Piero della Francesca — Legend of the True Cross
The single most important reason to come to Arezzo. The Basilica of San Francesco in the centre of the town contains Piero della Francesca’s fresco cycle The Legend of the True Cross (1452–1466) in the apse chapel. This is one of the supreme works of 15th-century Italian painting — ten scenes depicting the legendary history of the wood from which the True Cross was made, from the Tree of Life in the Garden of Eden through to the Battle of Milvian Bridge (Constantine’s victory).
Piero’s style is distinctive and immediately recognisable: geometric clarity, silent figures, extraordinary light effects, spatial organisation of almost mathematical precision. The Dream of Constantine scene — a soldier asleep in a tent, illuminated by an angel descending at night — is one of the most innovative uses of artificial light in pre-Renaissance painting.

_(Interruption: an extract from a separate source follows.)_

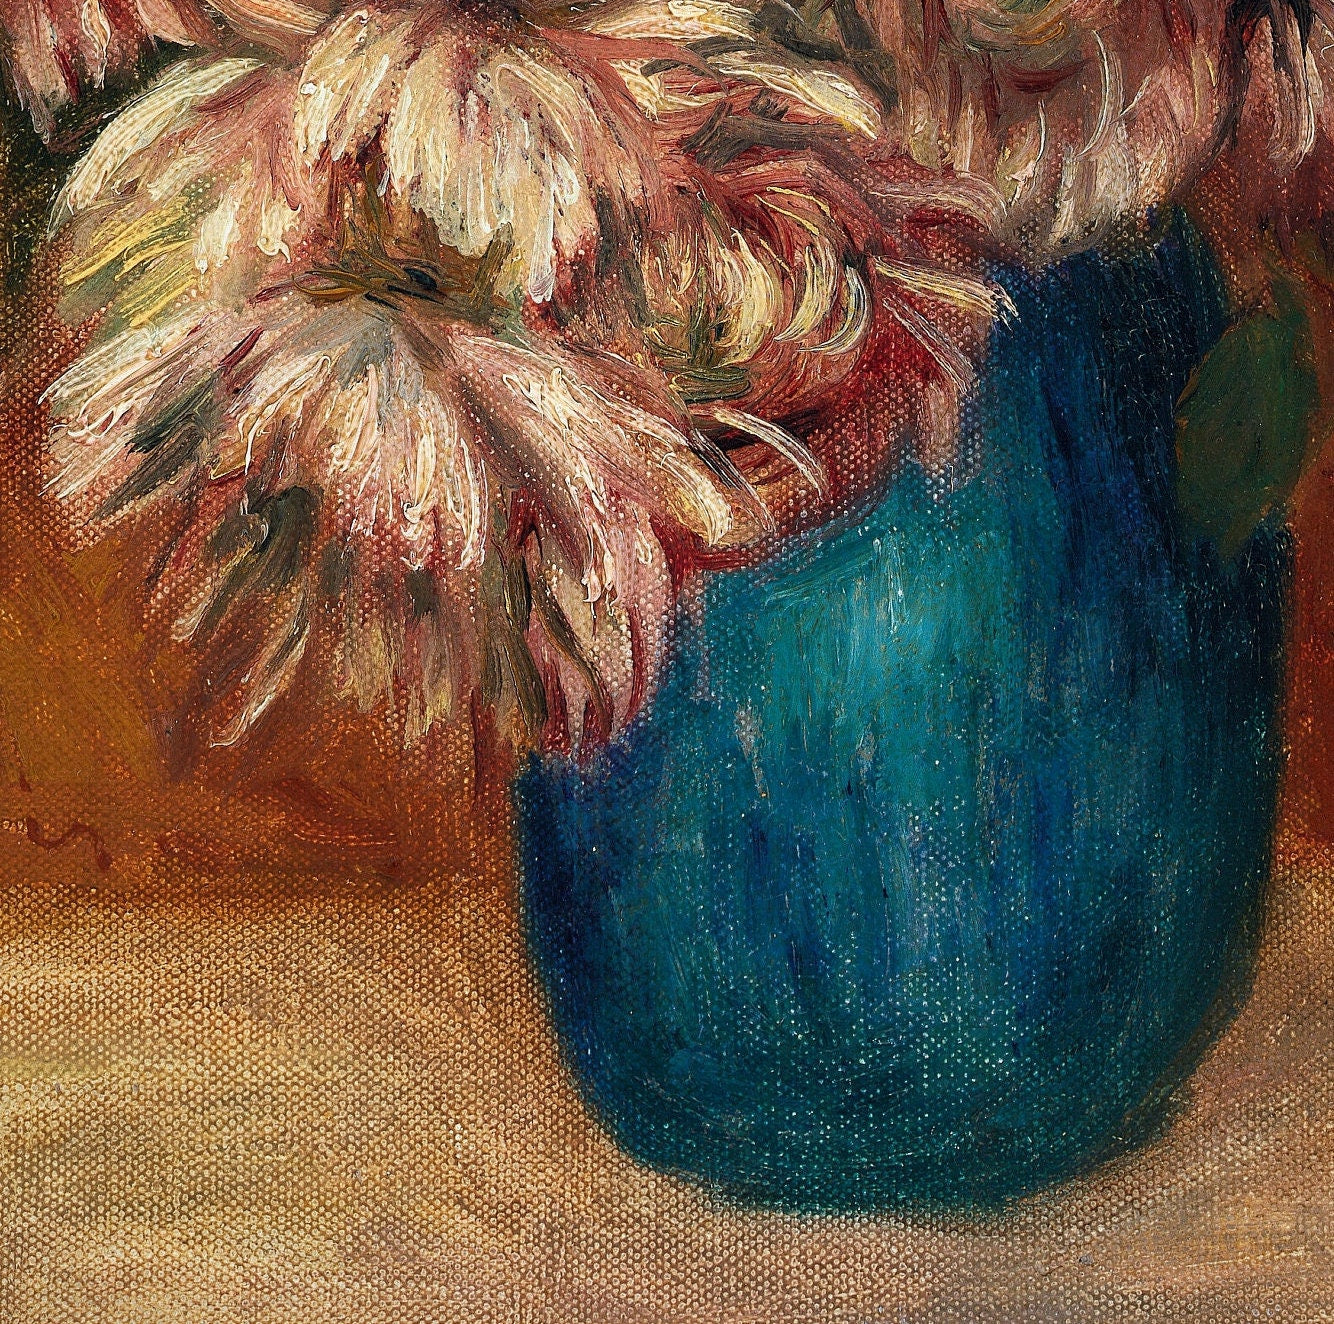 Flowers in a Green Vase by Pierre Auguste Renoir,3d Printed with texture and brush strokes looks like original oil-painting,code:711
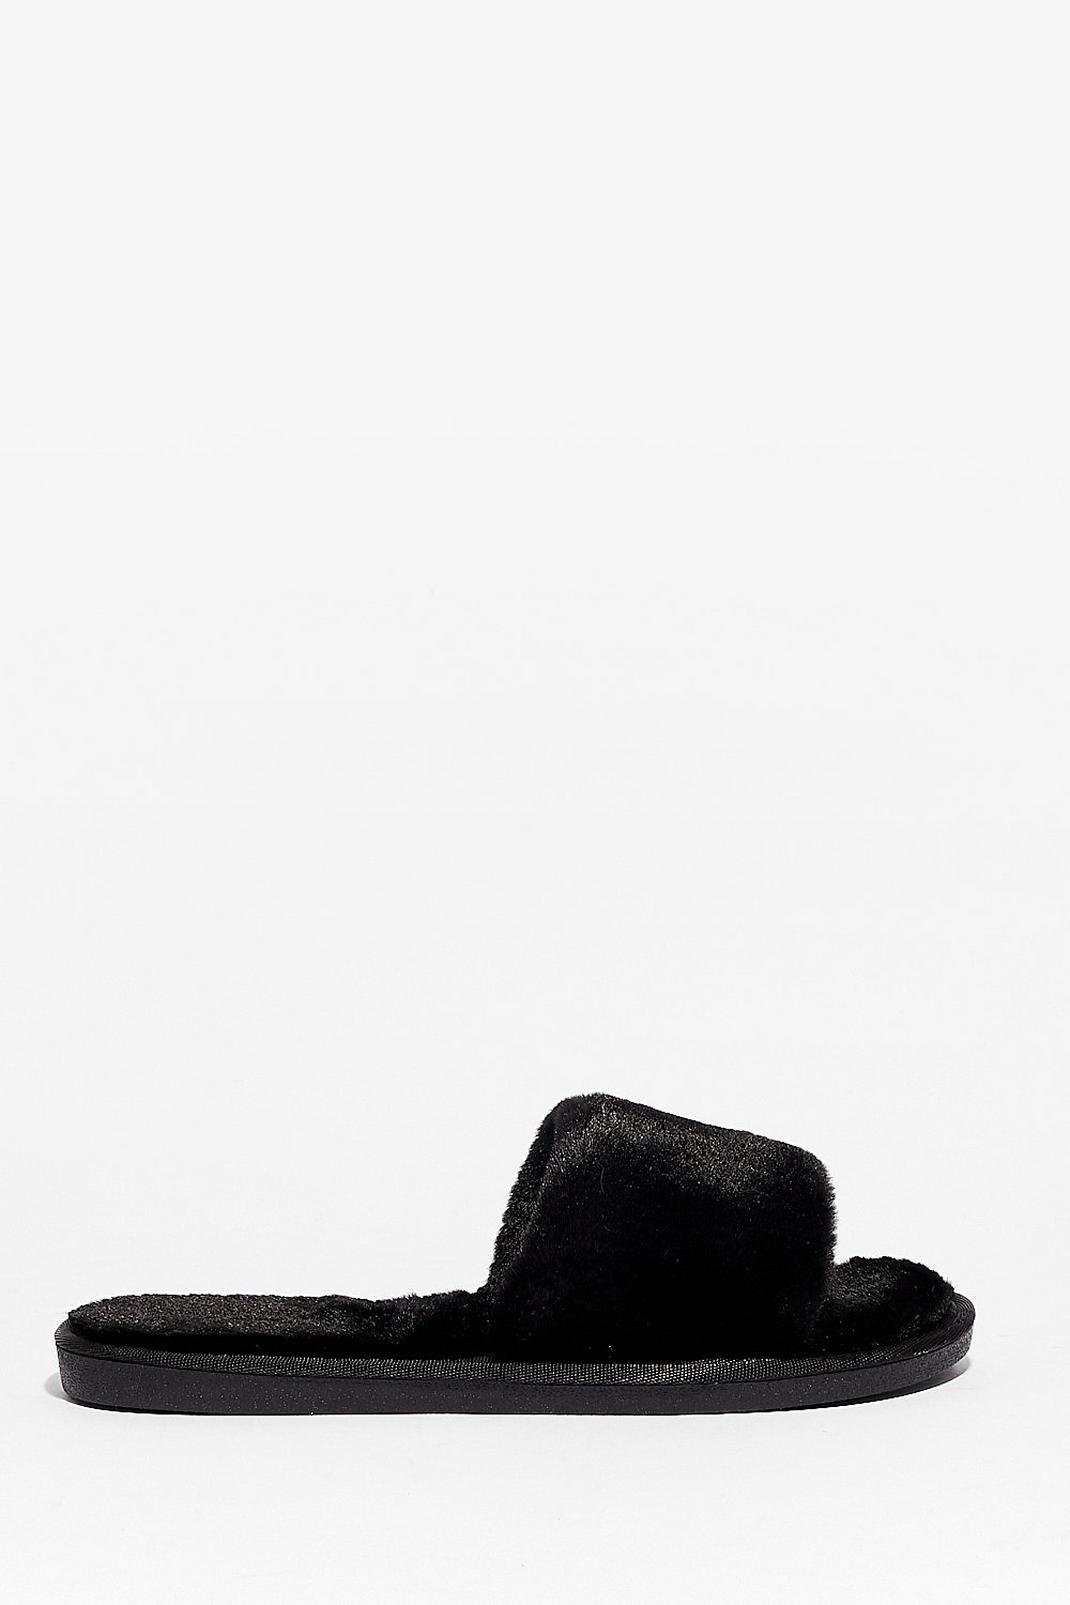 Black Faux Fur Open Toe Slippers image number 1

Visits are timed and limited — book online at pierodellafrancesca.it. A maximum of 25 people at a time, for 30 minutes. €12 entry. Do not come to Arezzo expecting to enter without a booking.
Piazza Grande
The main square of Arezzo is built on a slope, creating a theatrical space framed by the apse of Santa Maria della Pieve (Romanesque church), the Palazzo della Fraternita dei Laici (Gothic/Renaissance), the Palazzo del Tribunale, and the Logge Vasari (designed by Giorgio Vasari, 1573). An exceptionally coherent ensemble. Giorgio Vasari was born in Arezzo; the Casa Vasari (now a museum with his own frescoes) is nearby.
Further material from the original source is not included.